DHHS states that experimental administration of marijuana to
humans does not consistently alter the endocrine system. In an early
study, four male subjects administered smoked marijuana showed a
significant depression in luteinizing hormone and a significant
increase in cortisol (Cone et al., 1986). However, later studies in
male subjects receiving smoked [Delta]\9\-THC (18 mg/marijuana
cigarette) or oral [Delta]\9\-THC (10 mg t.i.d. for 3 days) showed
no changes in plasma prolactin, ACTH, cortisol, luteinizing hormone
or testosterone levels (Dax et al., 1989). Similarly, a study with
93 males and 56 female subjects showed that chronic marijuana use
did not significantly alter concentrations of testosterone,
luteinizing hormone, follicle stimulating hormone, prolactin or
cortisol (Block et al., 1991).
DHHS cites a study (Sarfaraz et al., 2005) which showed that the
cannabinoid agonist WIN 55,212-2 induces apoptosis in prostate
cancer cells growth and decreases expression of androgen receptors.
DHHS states that this data suggests a potential therapeutic value
for cannabinoid agonists in the treatment of prostate cancer, an
androgen-stimulated type of carcinoma.
In summary, while animal studies have suggested that
cannabinoids can alter multiple hormonal systems, the effects in
humans, in particular the consequences of long-term marijuana abuse,
remain unclear.
Immune System Effects
DHHS states that cannabinoids alter immune function but that
there can be differences between the effects of synthetic, natural,
and endogenous cannabinoids (Croxford and Yamamura, 2005).
DHHS cites a study by Roth et al. (2005) that examined the
effect of [Delta]\9\-THC exposure on immune function and response to
HIV infection in immunodeficient mice that were implanted with human
blood cells infected with HIV. The study shows that exposure to
[Delta]\9\-THC in vivo suppresses immune function, increases HIV co-
receptor expression and acts as a cofactor to enhance HIV
replication. DEA notes that the authors of this study state that
their results suggest a dynamic interaction between [Delta]\9\-THC,
immunity, and the pathogenesis of HIV and support epidemiologic
studies that have identified marijuana use as a risk factor for HIV
infection and the progression of AIDS. However, DHHS discusses a
recent study by Abrams et al. (2003) that investigated the effect of
marijuana on immunological functioning in 67 AIDS patients who were
taking protease inhibitors. Subjects received one of three
treatments, three times a day: smoked marijuana cigarette containing
3.95 percent [Delta]\9\-THC; oral tablet containing [Delta]\9\-THC
(2.5 mg oral dronabinol); or oral placebo. There were no changes in
HIV-RNA levels between groups, demonstrating no short-term adverse
virologic effects from using cannabinoids.

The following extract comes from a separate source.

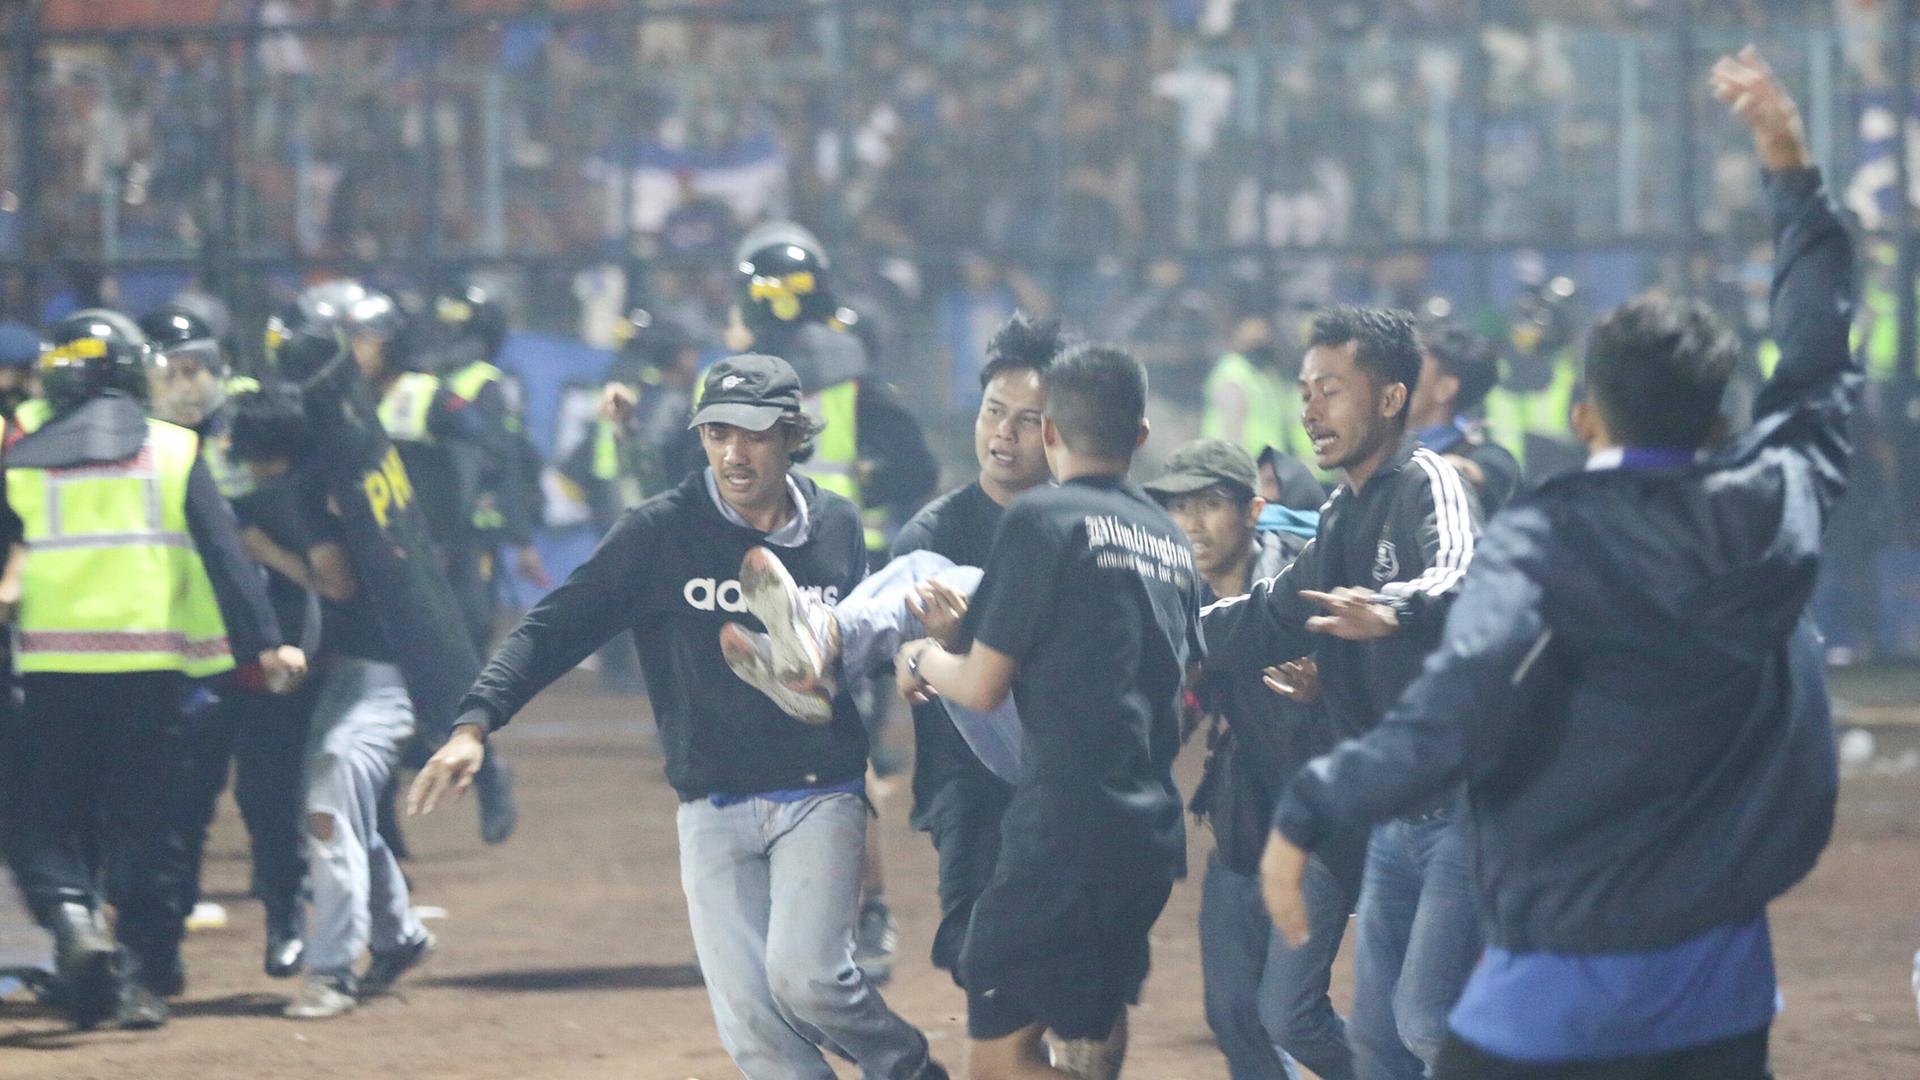 Bei einer Massenpanik in einem Fußball-Stadion in Indonesien sind 125 Menschen ums Leben gekommen.
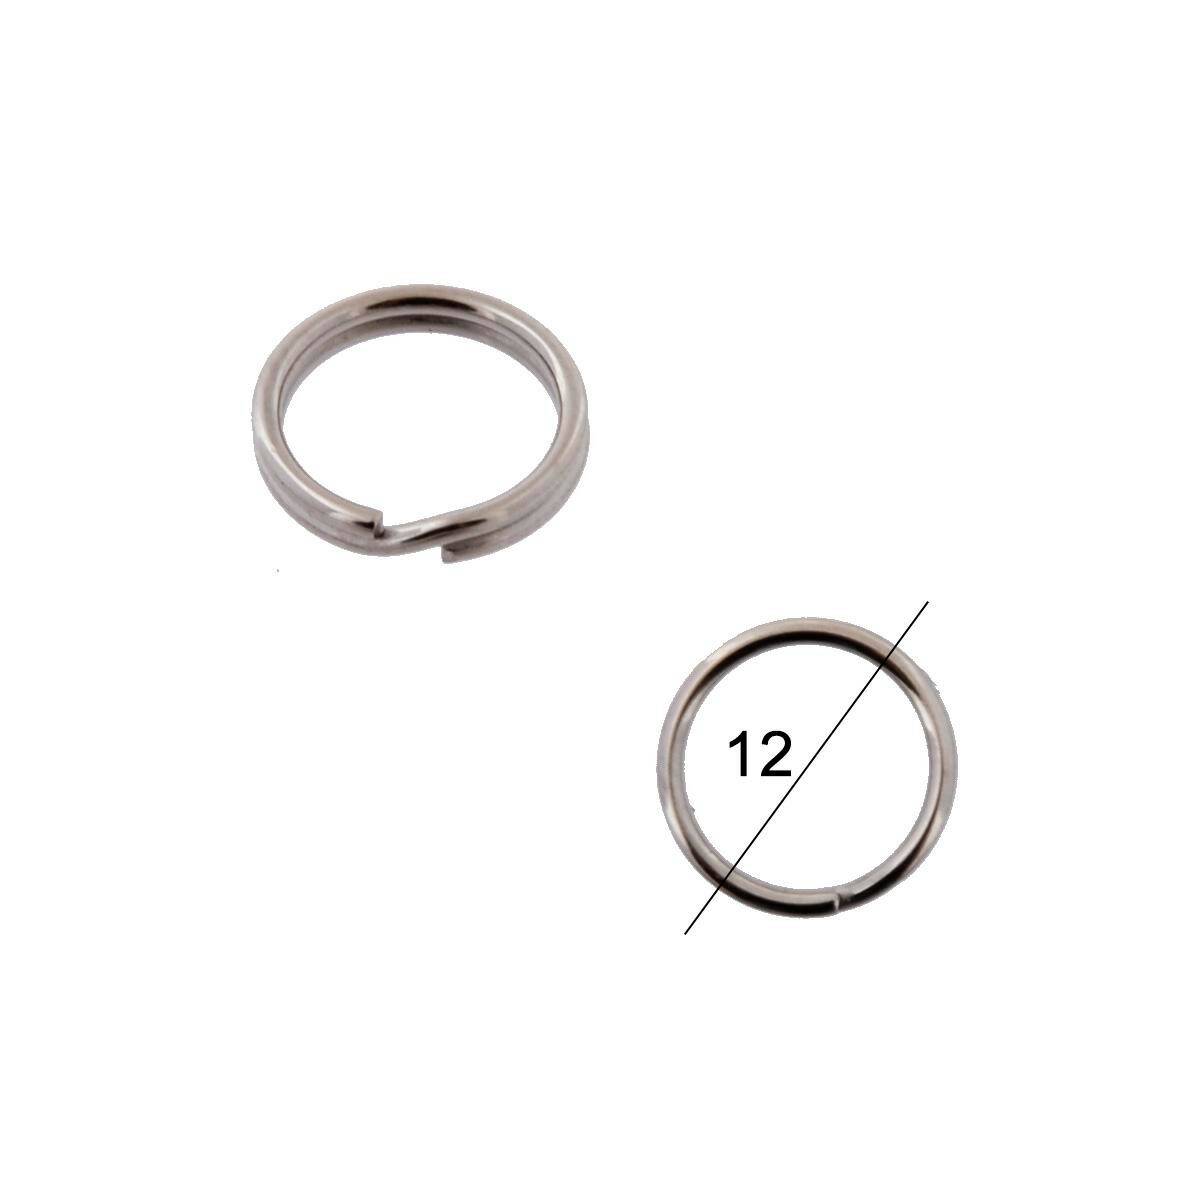 Key rings diameter 12mm

DEA notes a review suggesting that [Delta]\9\-THC and
cannabinoids decrease resistance to microbial infections in
experimental animal models and in vitro (see review by Cabral and
Staab, 2005). Various studies have been conducted in drug-abusing
human subjects, experimental animals exposed to marijuana smoke or
injected with cannabinoids, and in in vitro models using immune cell
cultures treated with various cannabinoids. DEA notes that for the
most part, these studies suggest that cannabinoids modulate the
function of various cells of the human immune system, including T-
and B-
[[Page 40576]]
lymphocytes as well as natural killer (NK) cells and macrophages.
Macrophages engulf and destroy foreign matter, NK cells target cells
(e.g., cancerous cells) and destroy them, B-lymphocytes produce
antibodies against infective organisms, and T-lymphocytes kill cells
or trigger the activity of other cells of the immune system.
In addition to studies examining cannabinoid effects on immune
cell function, DEA also notes other reports which have documented
that cannabinoids modulate resistance to various infectious agents.
Viruses such as herpes simplex virus and murine retrovirus have been
studied as well as bacterial agents such as members of the genera
Staphylococcus, Listeria, Treponema, and Legionella. These studies
suggest that cannabinoids modulate host resistance, especially the
secondary immune response (reviewed in Cabral and Dove-Pettit,
1998).
Finally, DEA notes a review suggesting that cannabinoids
modulate the production and function of cytokines as well as
modulate the activity of network cells such as macrophages and T
helper cells. Cytokines are the chemicals produced by cells of the
immune system in order to communicate and orchestrate the attack.
Binding to specific receptors on target cells, cytokines recruit
many other cells and substances to the field of action. Cytokines
also encourage cell growth, promote cell activation, direct cellular
traffic, and destroy target cells (see review by Klein et al.,
2000).
In summary, as DHHS states, cannabinoids alter immune function,
but there can be differences between the effects of synthetic,
natural, and endogenous cannabinoids. While there is a large body of
evidence to suggest that [Delta]\9\-THC alters immune function,
research is still needed to clarify the effects of cannabinoids and
marijuana on the immune system in humans, in particular the risks
posed by smoked marijuana in immunocompromized individuals.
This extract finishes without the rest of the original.